Victoire pour les riverains et associations environnementales opposées depuis des années au projet de contournement Nord de Wavre. Le Conseil d’État a annulé jeudi le permis d’urbanisme délivré en septembre 2019 par le ministre de l’Aménagement du territoire pour la construction de cette route de 3,5 km entre le zoning Nord de Wavre et la N25 à Doiceau. Plusieurs recours avaient été introduits et c’est finalement celui de la plateforme associative, réunissant entre autres Natagora et l’ASBL Les amis du parc de la Dyle, que le Conseil d’État a analysé en premier.

Dans leur recours, les associations critiquaient notamment le fait que l’étude d’incidences sur l’environnement se limitait au périmètre strict du site Natura 2000, alors que plusieurs milieux naturels, dont l’étang de Gastuche et le marais de Laurensart, seraient impactés par le projet. Citant l’auteur de l’étude lui-même, les associations avaient souligné que le projet aurait perturbé la faune bien au-delà du tracé de la voirie, jusqu’à une distance de 500 mètres. Et de pointer également que l’étude ne recensait pas plusieurs espèces animales protégées, que les associations avaient pourtant relevées. Le Conseil d’État a jugé que le permis d’urbanisme ne répondait pas de manière adéquate à ces arguments.

Pour la plateforme associative, cette décision sonne comme une énorme victoire, après tant d’années de combat. "Cela nous conforte dans notre position plus progressiste qui veut éviter de mettre en œuvre des décisions du passé , se félicite Julien Taymans, président de Natagora Brabant wallon. Cela répond aux objectifs de la dernière déclaration de politique régionale, qui prévoit de jeter les contournements aux oubliettes. On espère maintenant que le gouvernement wallon ne va pas s’acharner et qu'il va proposer d’autres options de mobilité plus respectueuses de l'environnement, comme le réaménagement de la sortie d’autoroute."

Julien Taymans estime que le projet routier avait d'autant moins de sens depuis la crise sanitaire.
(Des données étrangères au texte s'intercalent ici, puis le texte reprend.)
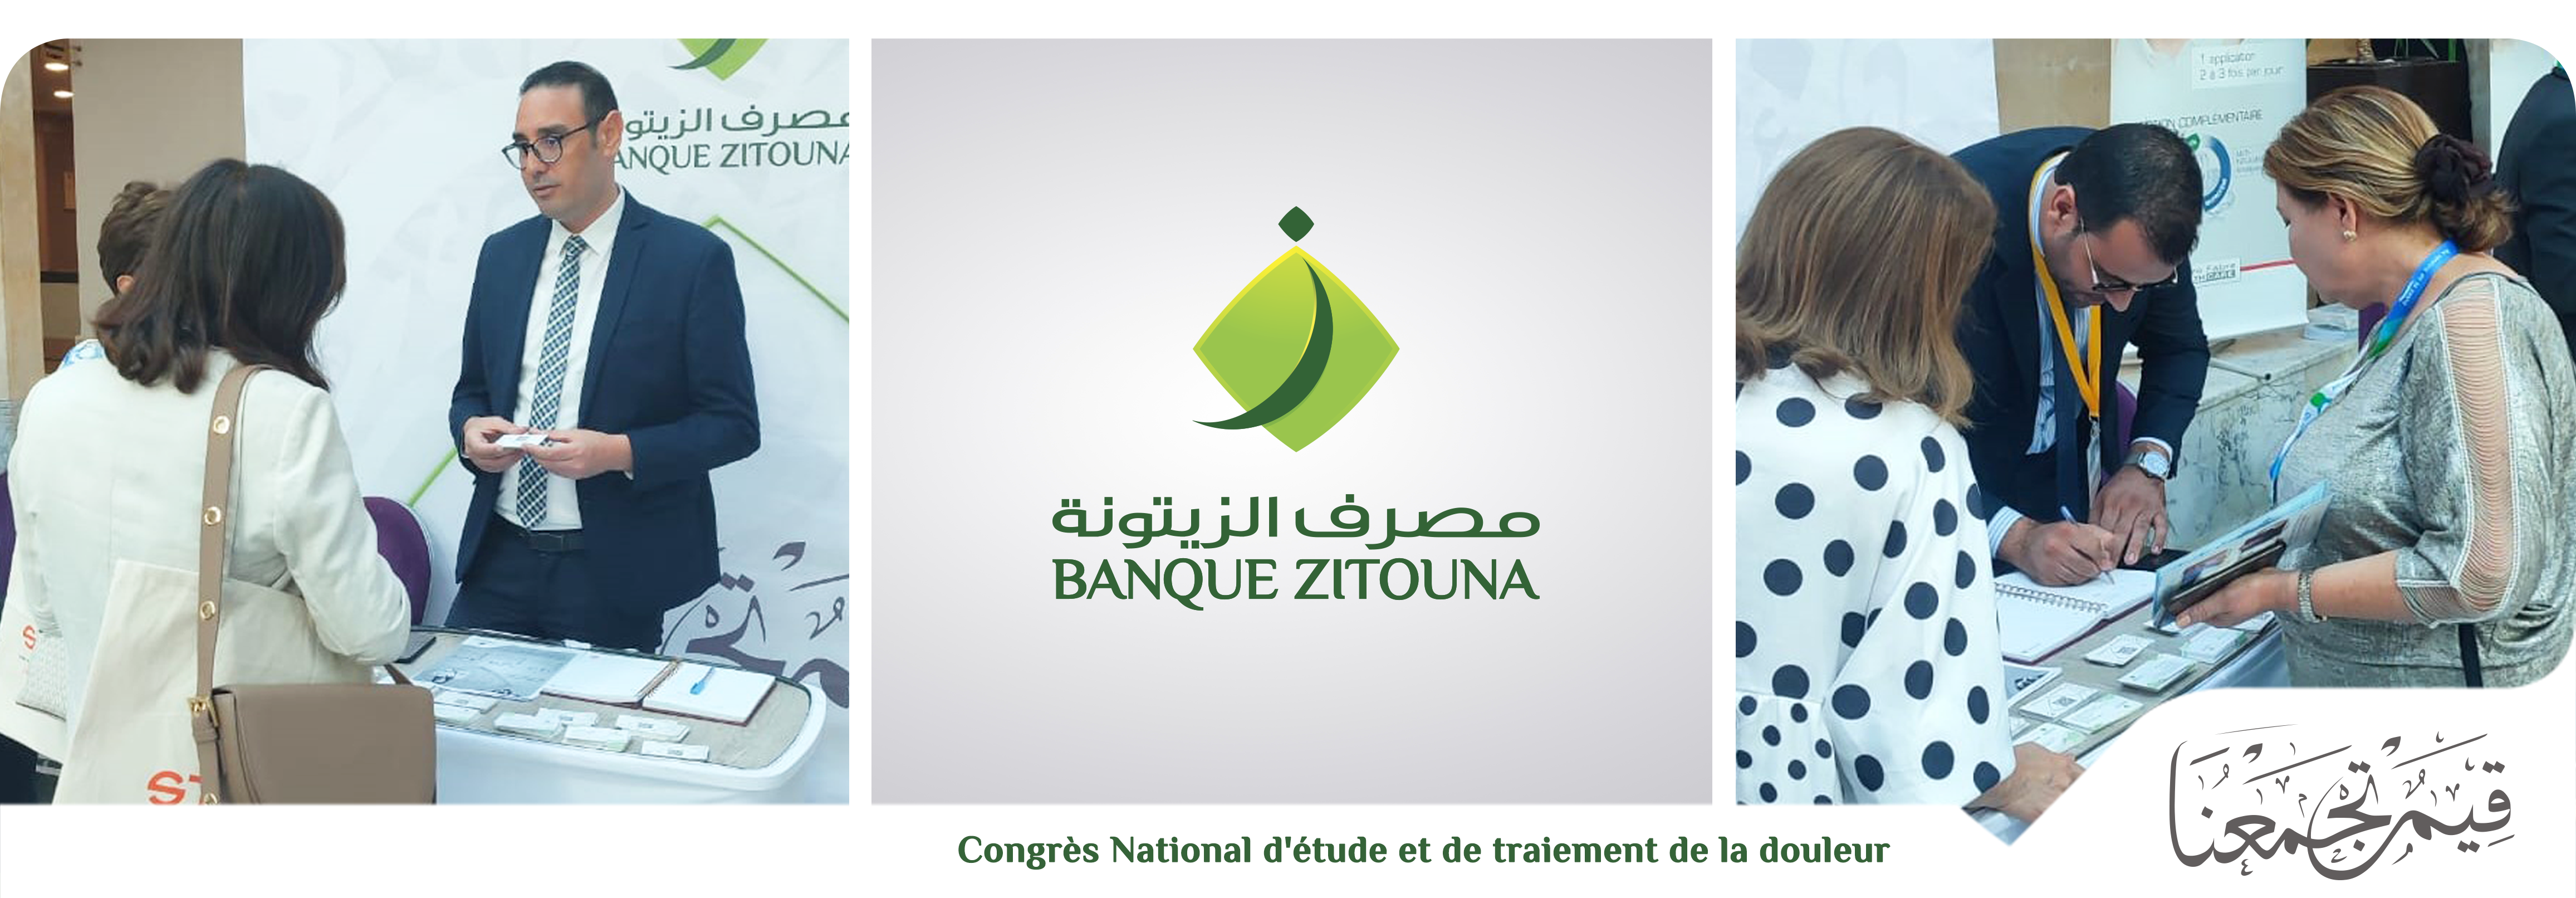 Banque Zitouna Sponsor du Congrès National d'étude et de traitement de la douleur

La généralisation du télétravail montrerait déjà, selon lui, des effets bénéfiques sur la mobilité dans le zoning Nord. "Les façons de travailler évoluent et on n’est plus au tout à la voiture. C’est un projet du passé, les premiers plans remontent à la fin des années '60. À l’heure actuelle, avec 10-15 % de télétravail, il n’y a plus aucuns problèmes de circulation. On vit finalement un test grandeur nature qui démontre que des solutions existent."

"Le travail gigantesque a payé"

Du côté des riverains aussi, l'heure est au soulagement. "C'est extraordinaire, c’est l'aboutissement de 20 ans de combat pour moi, se réjouit Catherine Buhbinder, habitante du quartier du Culot, concerné par le tracé, et membre de la plateforme. J'espère que c'est le signe d'un changement de politique, que l'on s’occupera plus de l’environnement, des gens, au lieu de promouvoir une mobilité excessive. La mobilisation des habitants, des associations et de la population de Wavre, tout ce travail gigantesque et cet enthousiasme populaire ont payé. C’est une victoire collective."

Pour la riveraine, le contournement n'aurait pas amélioré ni apaisé la mobilité à Wavre. "Une nouvelle route appellera toujours les voitures. Le quartier qui souffre de problèmes de mobilité n’aurait pas moins souffert avec cette route. Et puis, cela aurait été un gâchis terrible pour l’environnement et la tranquillité du quartier. On vit au paradis, cette route aurait détruit un patrimoine wavrien."

Quelles suites donnera le gouvernement wallon ?

Maintenant que le contournement ne dispose plus de permis, il reviendra au gouvernement wallon de décider de la suite qu'il veut réserver au dossier. Le ministre wallon de la mobilité, Philippe Henry, a évoqué à plusieurs reprises son souhait de revoir ce projet et de développer un contournement "light" plus adapté aux réalités d'aujourd'hui. Pour rappel, l’objectif initial était de désengorger le centre-ville de Wavre, le zoning Nord et la sortie 5, où les files s'allongent aux heures de pointe. Le coût était estimé à 27 millions d’euros.